I don’t think I’ll have the gall to go into the lounge, but I take the card gratefully. Then I get into my bank account and transfer the cost of the ticket into hers.
“Done,” I say.
“I don’t suppose you could have a teensy look at my computer?” she asks. “It seems to be a lot slower than when I bought it.”
“No problem,” I say and start the administrative programs while she clears away the lunch things and puts on some music.

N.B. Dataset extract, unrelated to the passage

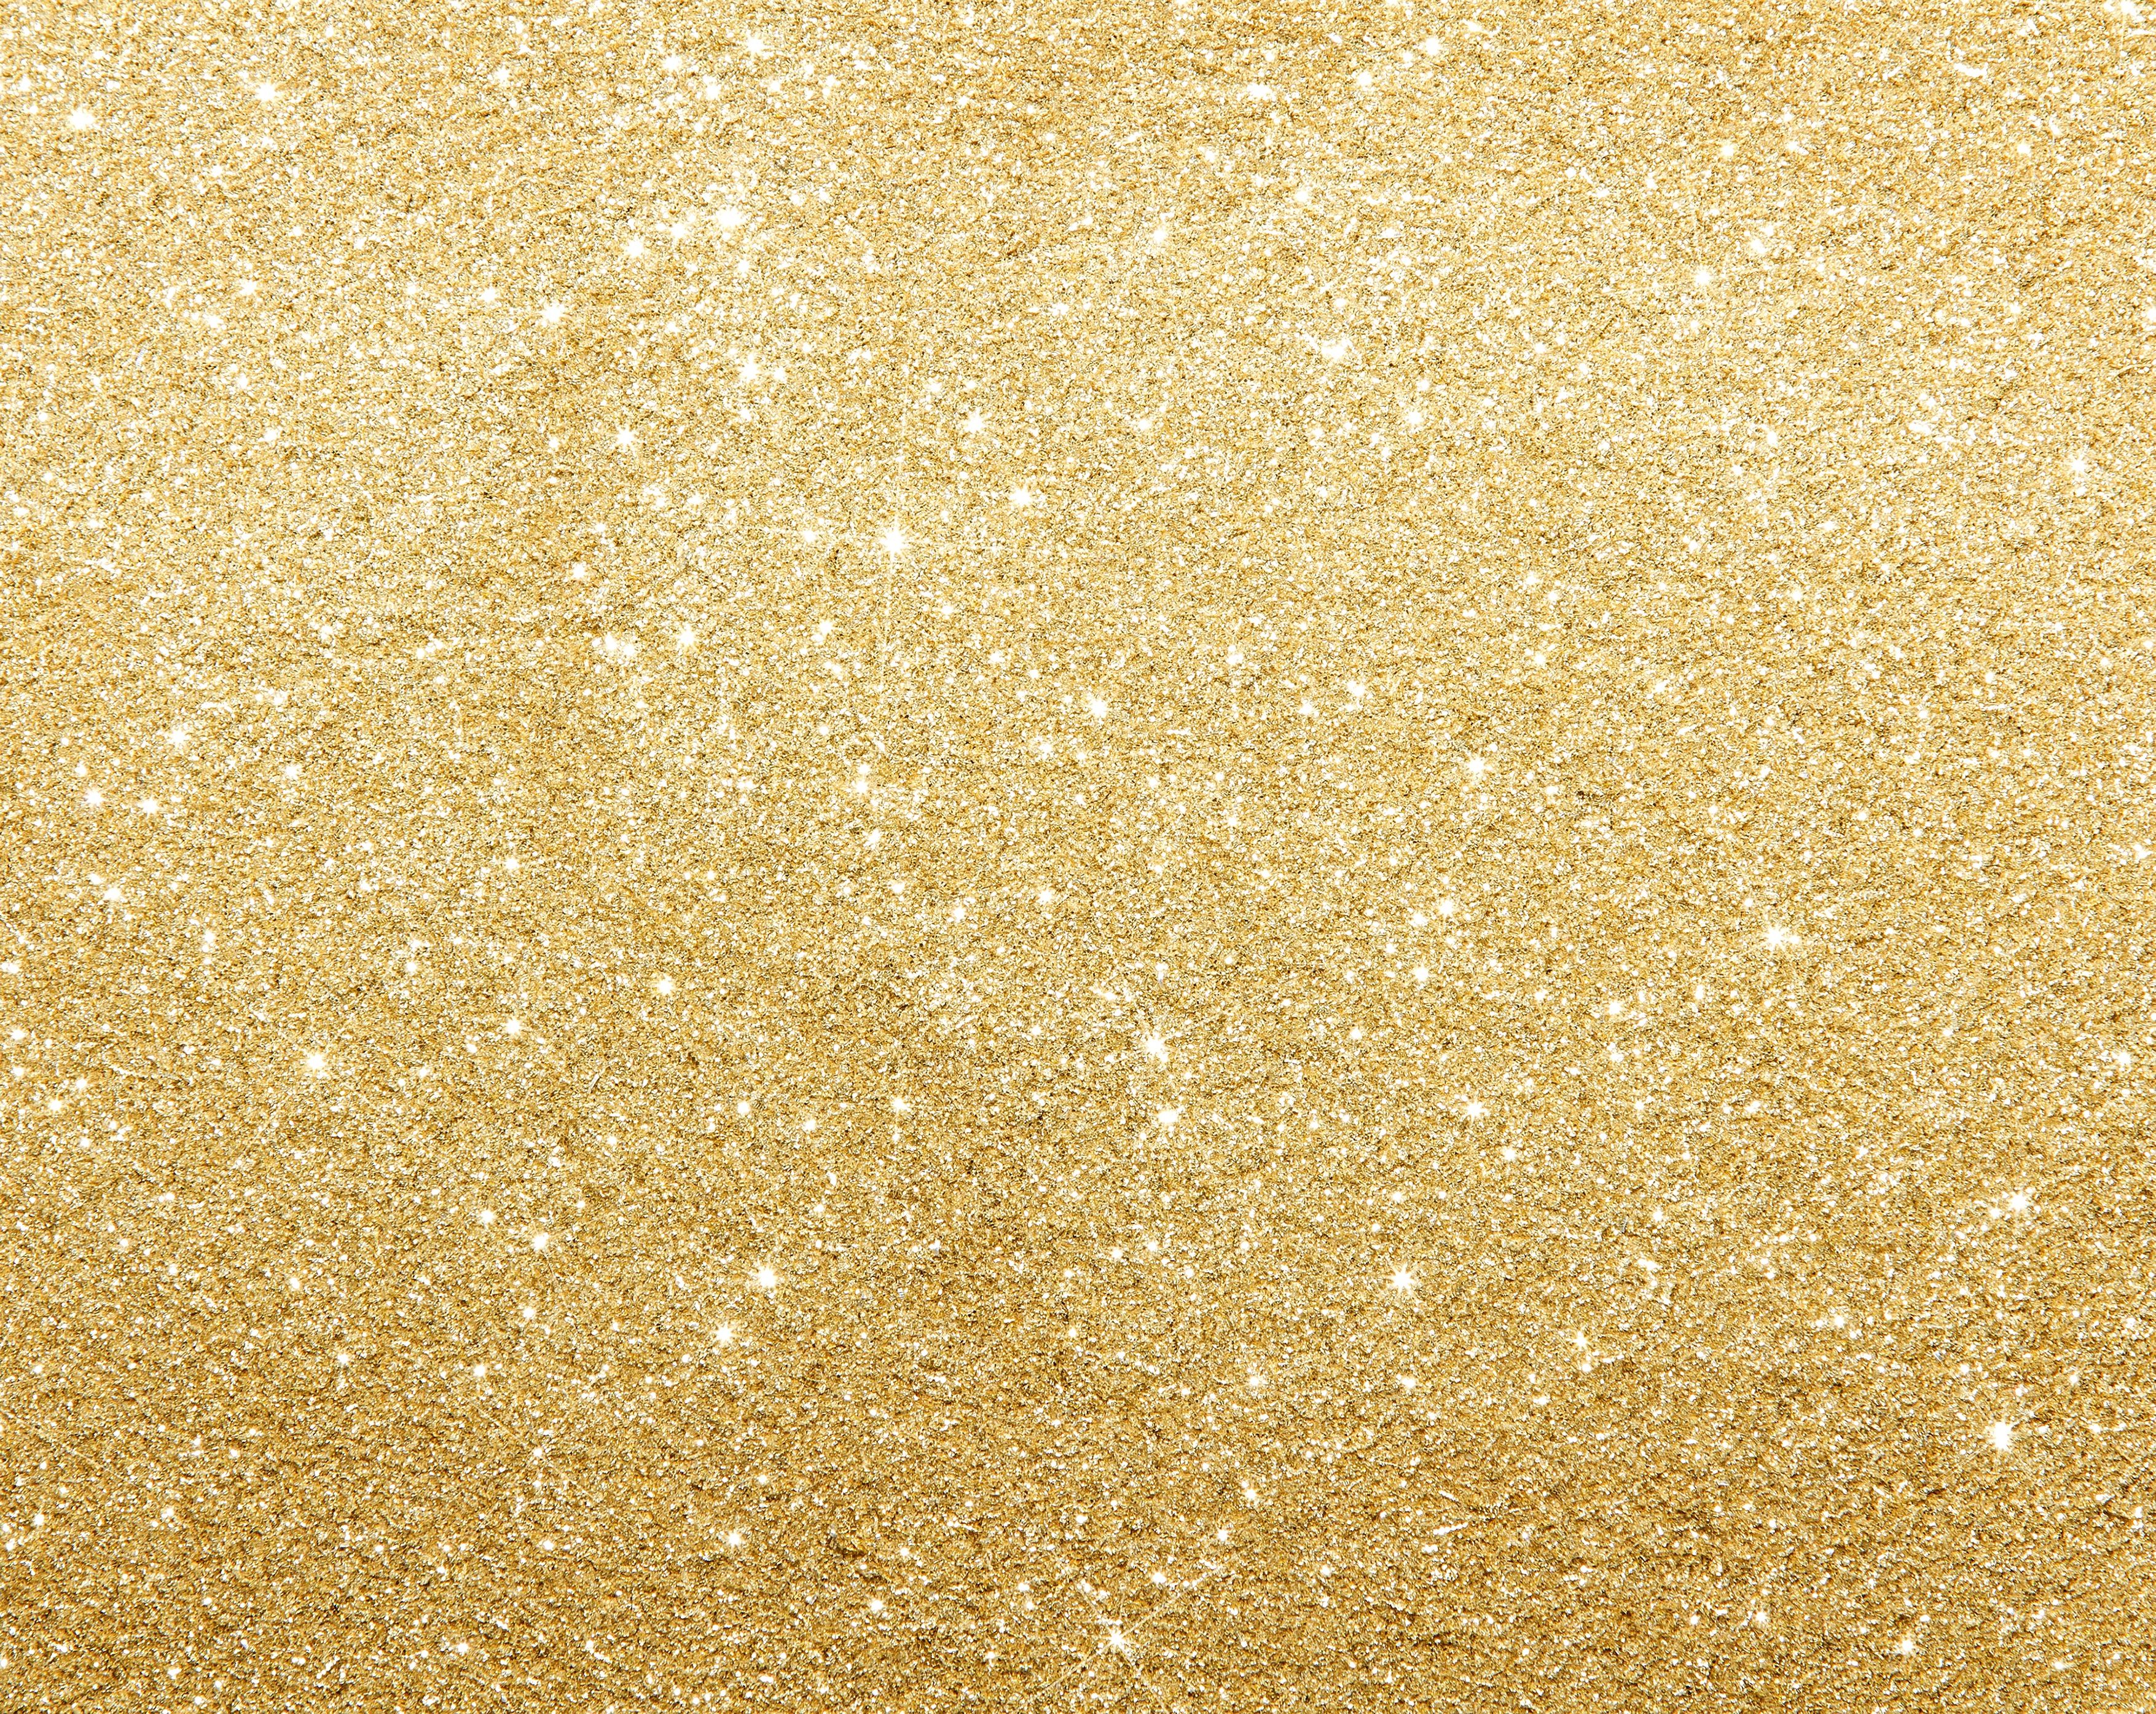 Gold Glitter Iphone Backgrounds Gold glitter t

I work steadily in Diana’s lovely book-lined study overlooking the back garden, surrounded by photographs of her beloved family: John, Chloe and Harry. Anyone who sees Diana as privileged, with her family money and this house inherited from her grandparents – “I could never sell it,” she said to me once. “It’s the only place I was ever happy when I was a child.” – would have a pretty distorted view of the world. She found her soulmate in John, and he was perfect for her; then within two years she lost him to cancer and Chloe went through one of those mysterious changes that cause beautiful children to destroy themselves and break their families’ hearts. One minute she was the perfect daughter, adored and adoring; next minute she was staying out all night, lying and stealing. You didn’t have to be a social worker to know what it meant, especially the stealing. Chloe grew pale and thin, and was careful to wear long sleeves to hide the tracks on her arms. Finally Diana confronted her. There was a lot of screaming and Chloe ran off into the night, taking nothing with her.